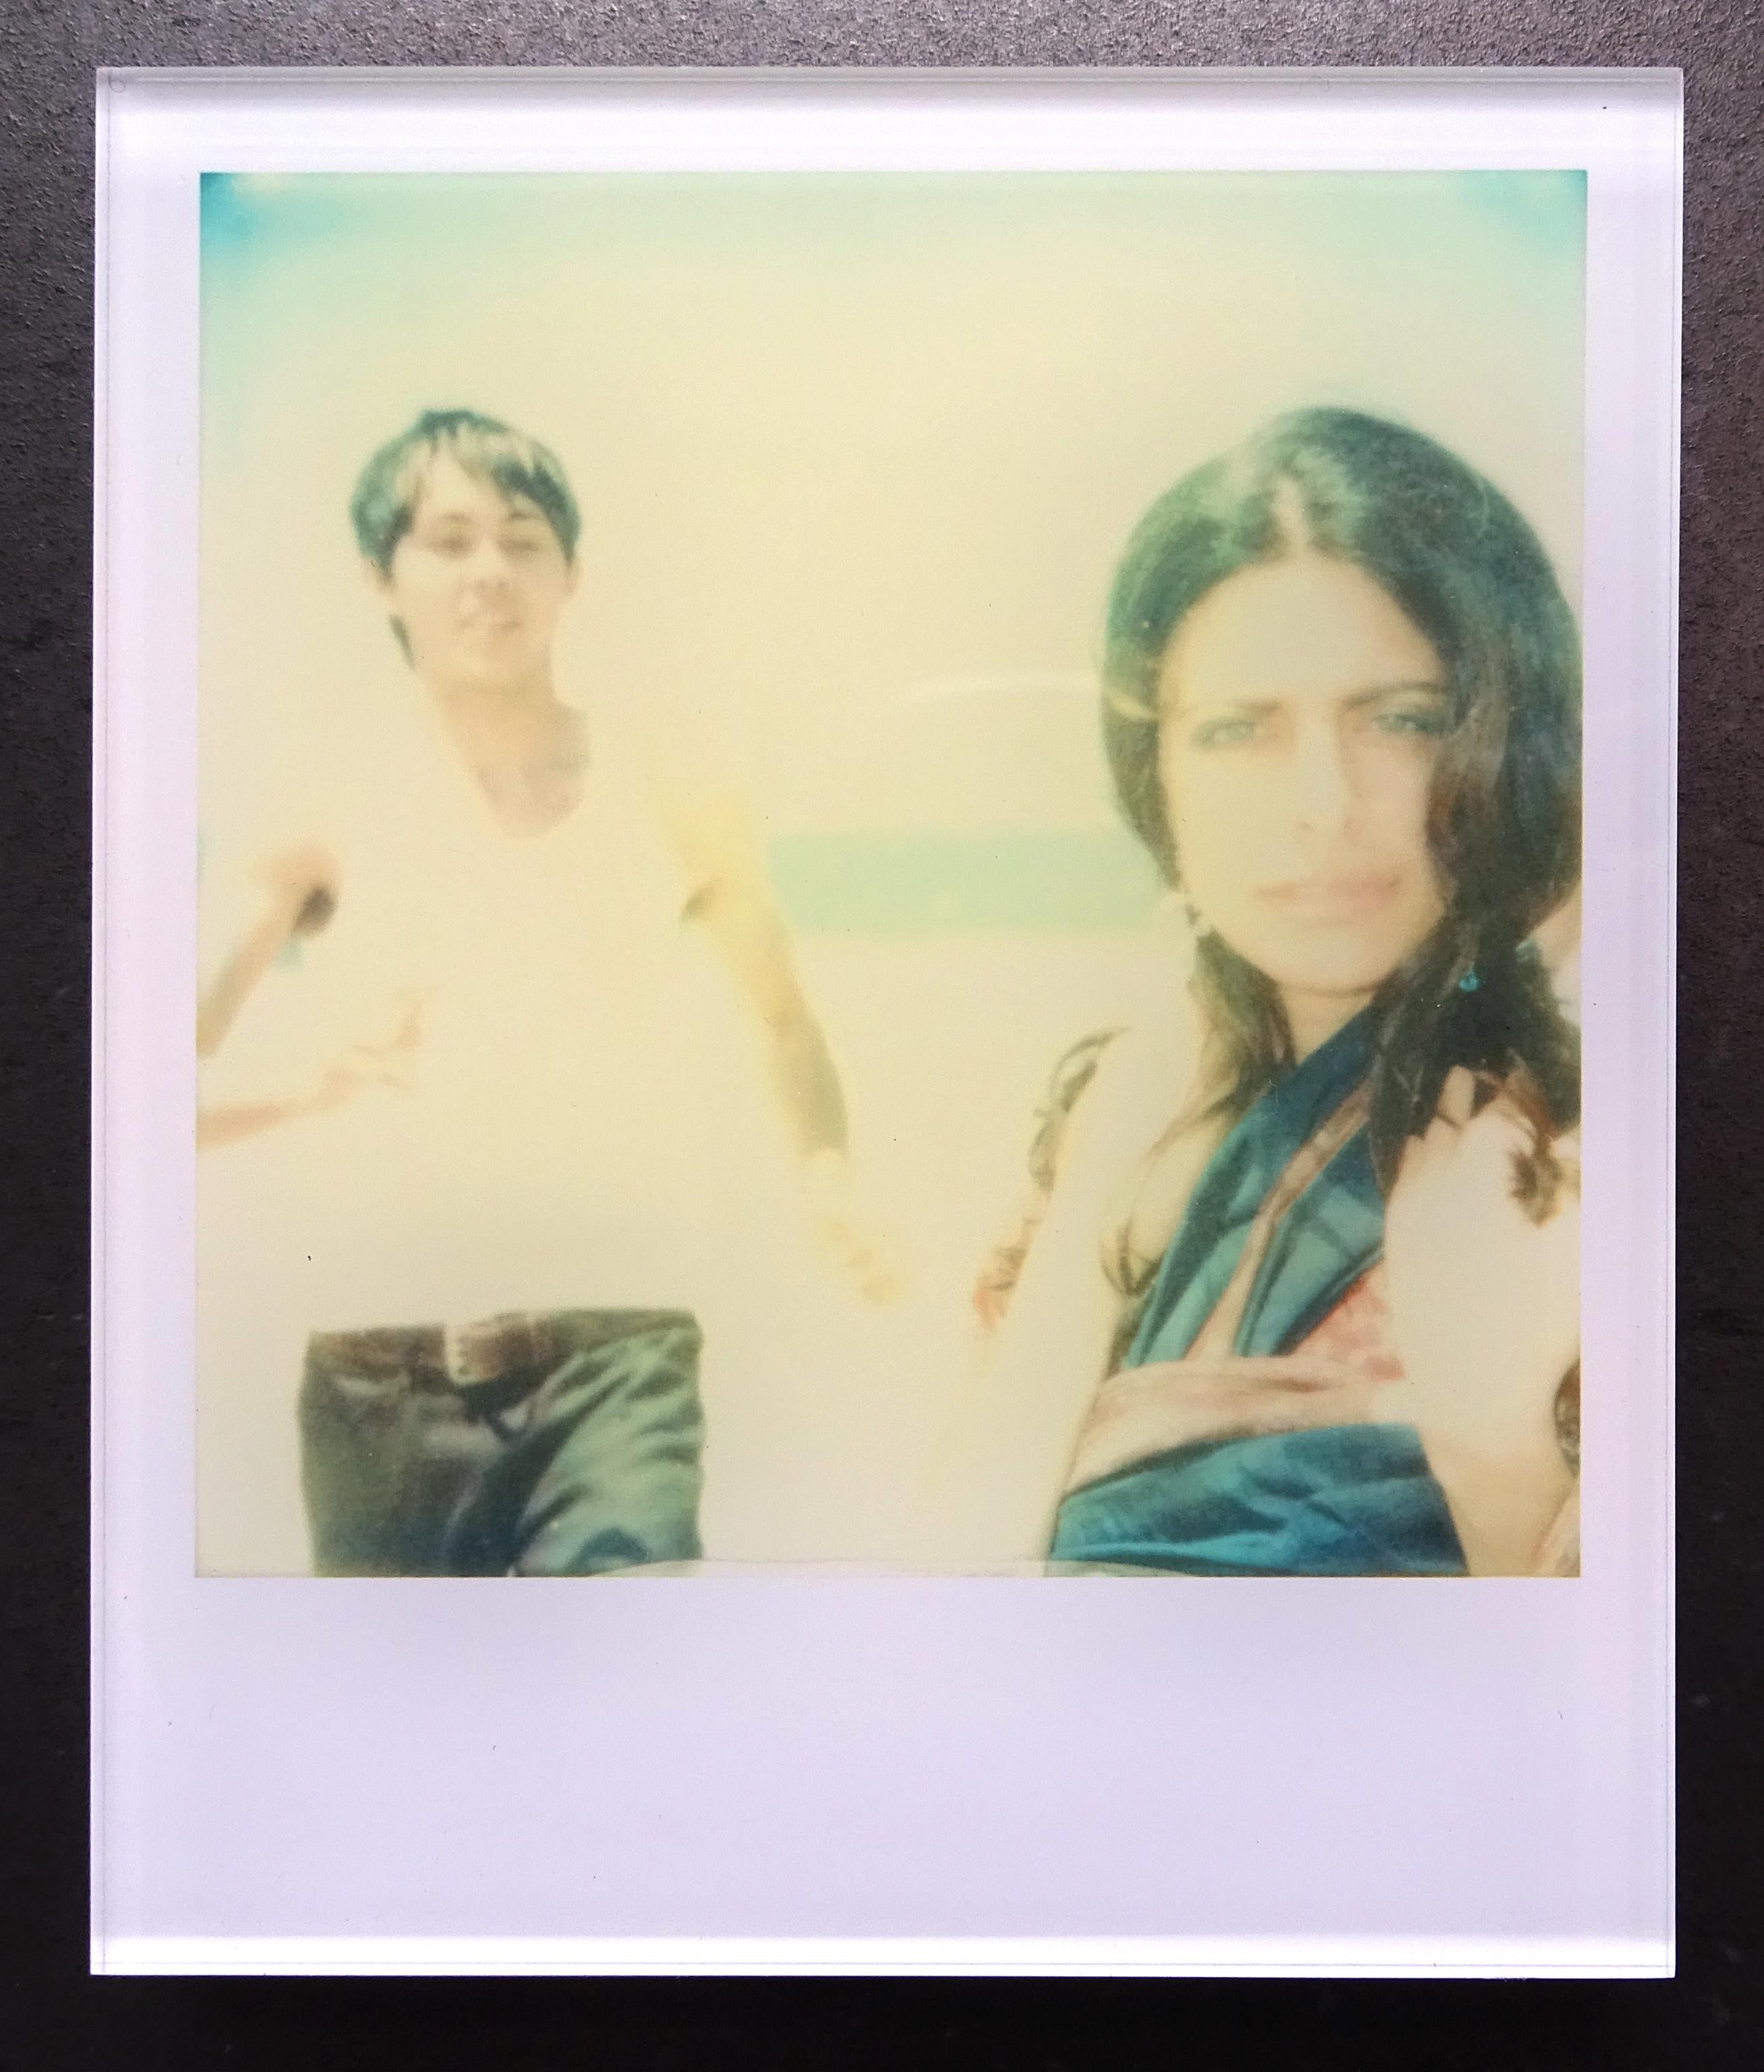 Die Minis von Stefanie Schneider
jules und Jim" (Reneé's Dream - 29 Palms, CA), 2007
verso signiert und Signaturmarke
Digitale Lambda-Farbfotografien auf der Grundlage eines Polaroids

Offene Editionen in Polaroidgröße 1999-2013
10.7 x 8,8cm (Bild

> [WHAT YOU SHOULD DO]
Print exactly the lines from the one containing "verso signiert und Signaturmarke" through the last line of the records above, both included.

> [ANSWER SPACE]
verso signiert und Signaturmarke
Digitale Lambda-Farbfotografien auf der Grundlage eines Polaroids

Offene Editionen in Polaroidgröße 1999-2013
10.7 x 8,8cm (Bild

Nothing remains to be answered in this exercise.